The purpose of this protocol is to use a combination of computational and bench research to find novel sequences that cannot be easily separated from a co-purifying sequence, which may be only partially known.
Subtractive genomics can be used in any research where the goal is to identify the sequence of a gene, protein, or general region that is embedded in a larger genomic context.

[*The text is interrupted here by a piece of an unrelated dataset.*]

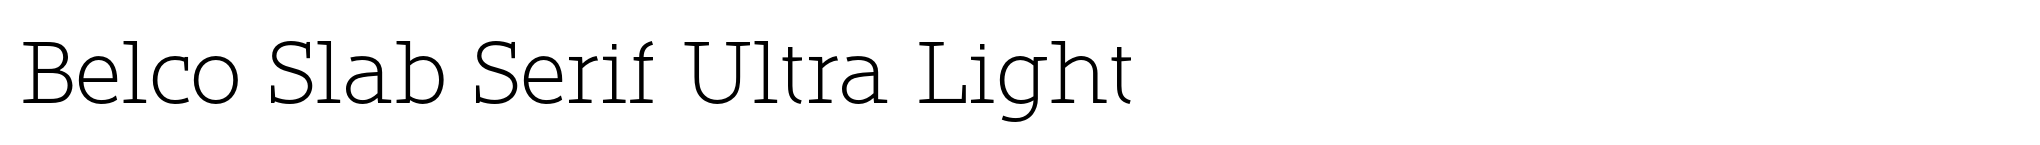 Belco Slab Serif Ultra Light image

Subtractive genomics enables a researcher to isolate a target sequence of interest (T) by comprehensive sequencing and subtracting out known genetic elements (reference, R). The method can be used to identify novel sequences such as mitochondria, chloroplasts, viruses, or germline restricted chromosomes, and is particularly useful when T cannot be easily isolated from R. Beginning with the comprehensive genomic data (R + T), the method uses Basic Local Alignment Search Tool (BLAST) against a reference sequence, or sequences, to remove the matching known sequences (R), leaving behind the target (T). For subtraction to work best, R should be a relatively complete draft that is missing T. Since sequences remaining after subtraction are tested through quantitative Polymerase Chain Reaction (qPCR), R does not need to be complete for the method to work. Here we link computational steps with experimental steps into a cycle that can be iterated as needed, sequentially removing multiple reference sequences and refining the search for T. The advantage of subtractive genomics is that a completely novel target sequence can be identified even in cases in which physical purification is difficult, impossible, or expensive. A drawback of the method is finding a suitable reference for subtraction and obtaining T-positive and negative samples for qPCR testing. We describe our implementation of the method in the identification of the first gene from the germline-restricted chromosome of zebra finch. In that case computational filtering involved three references (R), sequentially removed over three cycles: an incomplete genomic assembly, raw genomic data, and transcriptomic data.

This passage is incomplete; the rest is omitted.